Question

If ${}^{2n}{C_3}:{}^n{P_2} = 10:3$ where $n \in N$ then $n$ is
A. $4$
B. $7$
C. $3$
D. $6$

Answer 1

In this problem, it is given that the ratio of ${}^{2n}{C_3}$ to ${}^n{P_2}$ is equal to the ratio of $10$ to $3$. That is, $\dfrac{{{}^{2n}{C_3}}}{{{}^n{P_2}}} = \dfrac{{10}}{3}$. We need to find the value of $n$. For this, we will use the formula of combination and permutation. We know that ${}^n{C_r} = \dfrac{{n!}}{{r!\left( {n - r} \right)!}}$ and ${}^n{P_r} = \dfrac{{n!}}{{\left( {n - r} \right)!}}$. We will use this formula in the given relation and we will simplify the expression to get the required value of $n$.

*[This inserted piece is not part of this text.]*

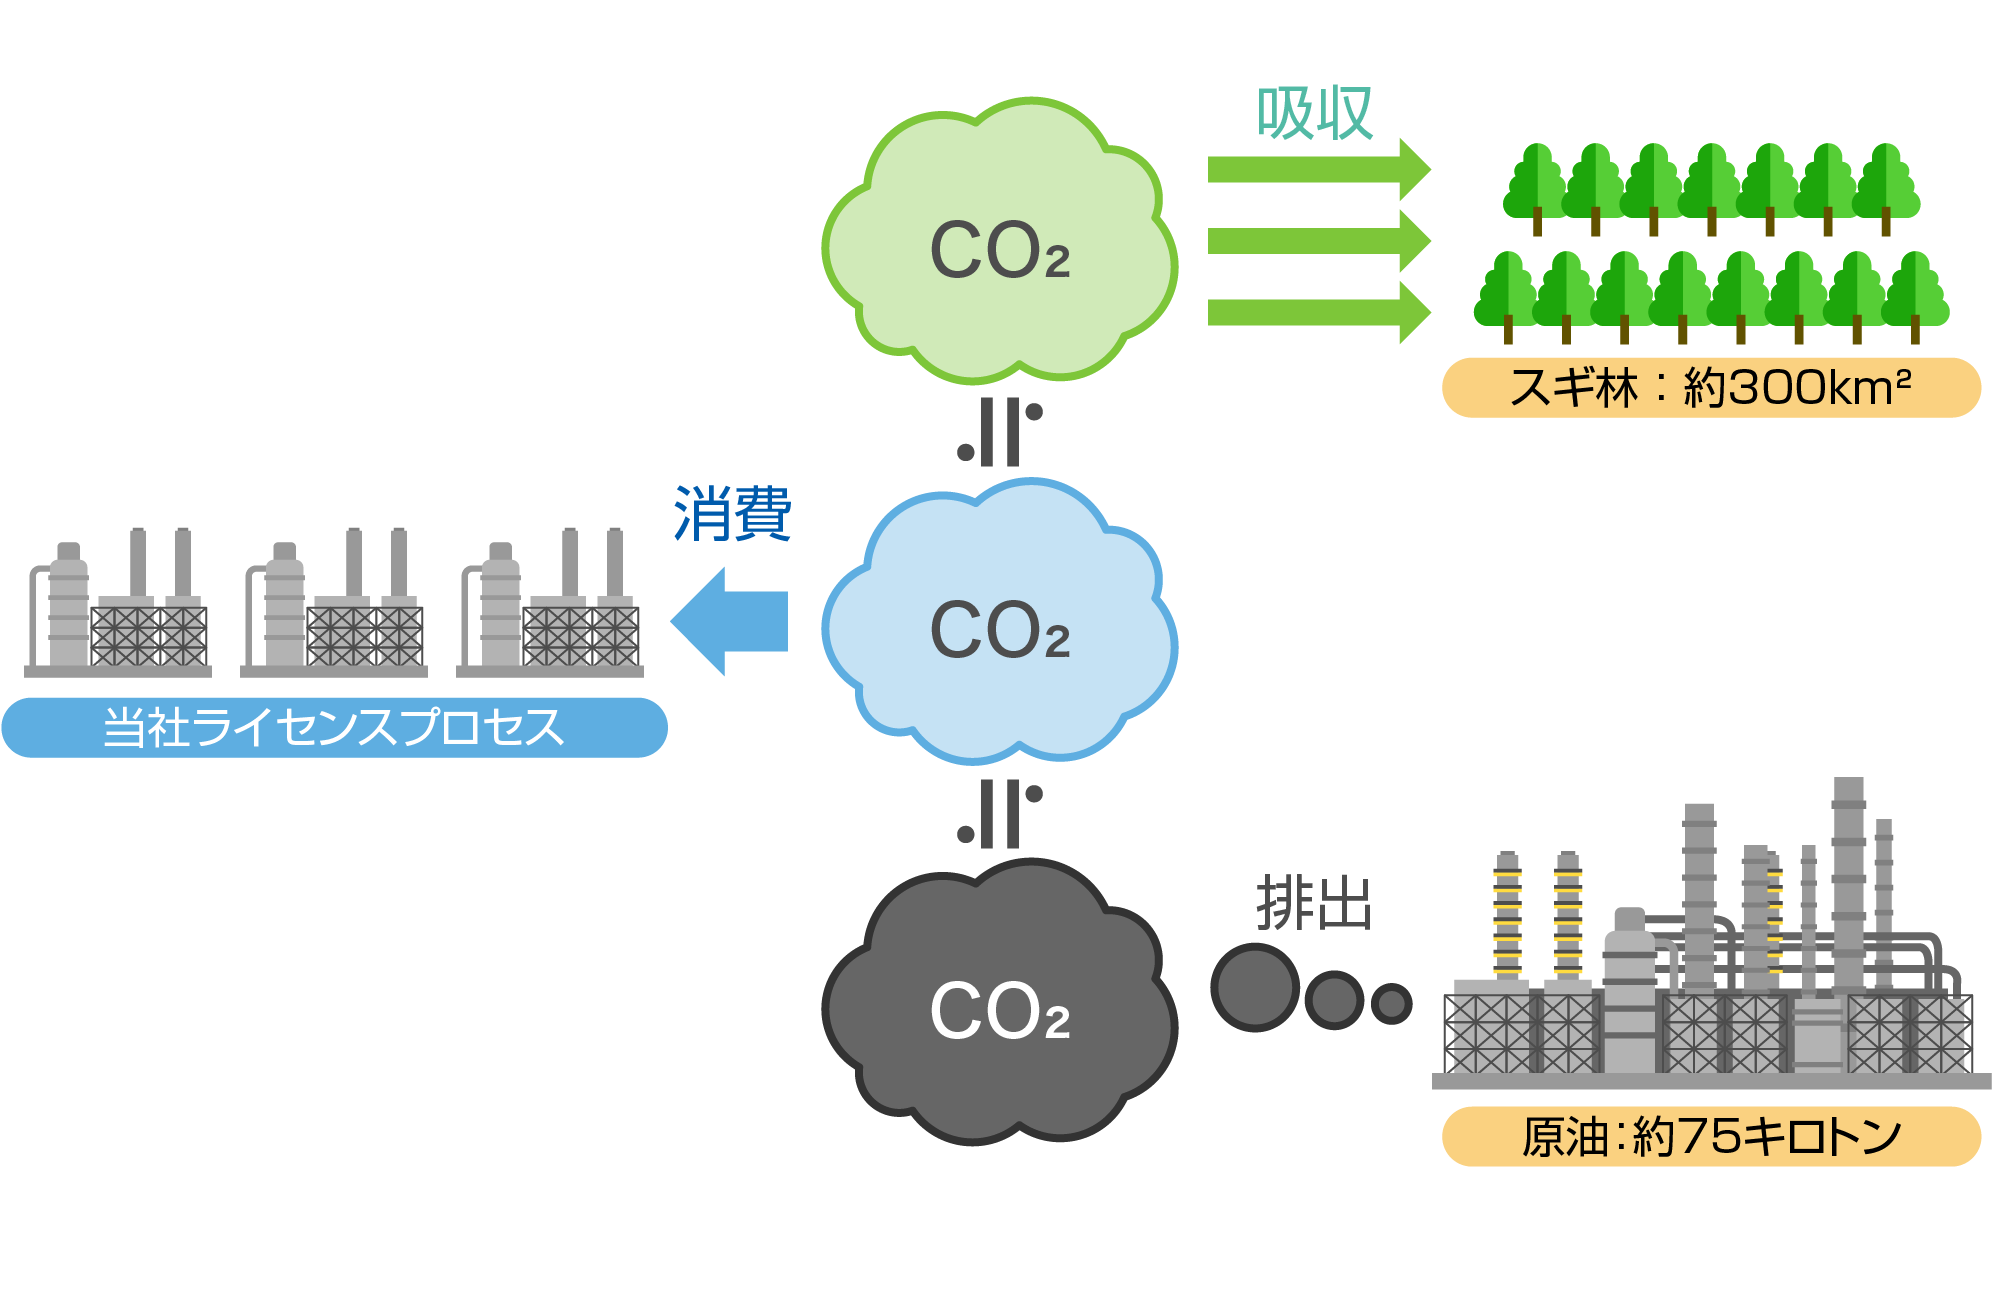 CO₂の原料としての消費量

Complete step by step solution: In this problem, it is given that ${}^{2n}{C_3}:{}^n{P_2} = 10:3$. That is, the ratio of ${}^{2n}{C_3}$ to ${}^n{P_2}$ is equal to the ratio of $10$ to $3$. Therefore, we can write this expression as $\dfrac{{{}^{2n}{C_3}}}{{{}^n{P_2}}} = \dfrac{{10}}{3}\; \Rightarrow 3\left[ {{}^{2n}{C_3}} \right] = 10\left[ {{}^n{P_2}} \right] \cdots \cdots \left( 1 \right)$.
Now we are going to use the formula of combination and permutation in equation $\left( 1 \right)$. That is, we are going to use the formula ${}^n{C_r} = \dfrac{{n!}}{{r!\left( {n - r} \right)!}}$ and ${}^n{P_r} = \dfrac{{n!}}{{\left( {n - r} \right)!}}$ in equation $\left( 1 \right)$. Therefore,$3\left[ {{}^{2n}{C_3}} \right] = 10\left[ {{}^n{P_2}} \right]$
$\Rightarrow 3\left[ {\dfrac{{\left( {2n} \right)!}}{{3!\left( {2n - 3} \right)!}}} \right] = 10\left[ {\dfrac{{n!}}{{\left( {n - 2} \right)!}}} \right]$
Now we will write $\left( {2n} \right)!$ as $\left( {2n} \right)! = 2n \times \left( {2n - 1} \right) \times \left( {2n - 2} \right) \times \left( {2n - 3} \right)!$. Also we can write $n!$ as $n! = n \times \left( {n - 1} \right) \times \left( {n - 2} \right)!$. Therefore, we get
$3\left[ {\dfrac{{2n \times \left( {2n - 1} \right) \times \left( {2n - 2} \right) \times \left( {2n - 3} \right)!}}{{6\left( {2n - 3} \right)!}}} \right] = 10\left[ {\dfrac{{n \times \left( {n - 1} \right) \times \left( {n - 2} \right)!}}{{\left( {n - 2} \right)!}}} \right]$
On cancelling $\left( {2n - 3} \right)!$ and $\left( {n - 2} \right)!$ from above expression and after simplification, we get
$n \times \left( {2n - 1} \right) \times \left( {2n - 2} \right) = 10n \times \left( {n - 1} \right)$
$\Rightarrow n \times \left( {2n - 1} \right) \times 2\left( {n - 1} \right) = 10n \times \left( {n - 1} \right)$
On cancelling $n \times \left( {n - 1} \right)$ from both sides in above expression, we get
$\left( {2n - 1} \right) \times 2 = 10$
$\Rightarrow 2n - 1 = 5$
$\Rightarrow 2n = 5 + 1$
$\Rightarrow 2n = 6$
$\Rightarrow n = \dfrac{6}{2} = 3$
Note that here $n = 3$ is a natural number. Therefore, we can say that $n = 3 \in N$.
Therefore, if ${}^{2n}{C_3}:{}^n{P_2} = 10:3$ then the value of $n$ is $3$.
Therefore, option C is correct.

Note: $N$ is the set of natural numbers. Number of permutations of $n$ objects taken $r$ objects at a time is denoted by ${}^n{P_r}$. It is also denoted by $P\left( {n,r} \right)$ and it is given by $P\left( {n,r} \right) = \dfrac{{n!}}{{\left( {n - r} \right)!}}$. In permutation, order of elements (objects) is important. Number of combinations of $n$ objects taken $r$ at a time is denoted by ${}^n{C_r}$. It is also denoted by $C\left( {n,r} \right)$ and it is given by $C\left( {n,r} \right) = \dfrac{{n!}}{{r!\left( {n - r} \right)!}}$. In combination, order of elements (objects) is not important.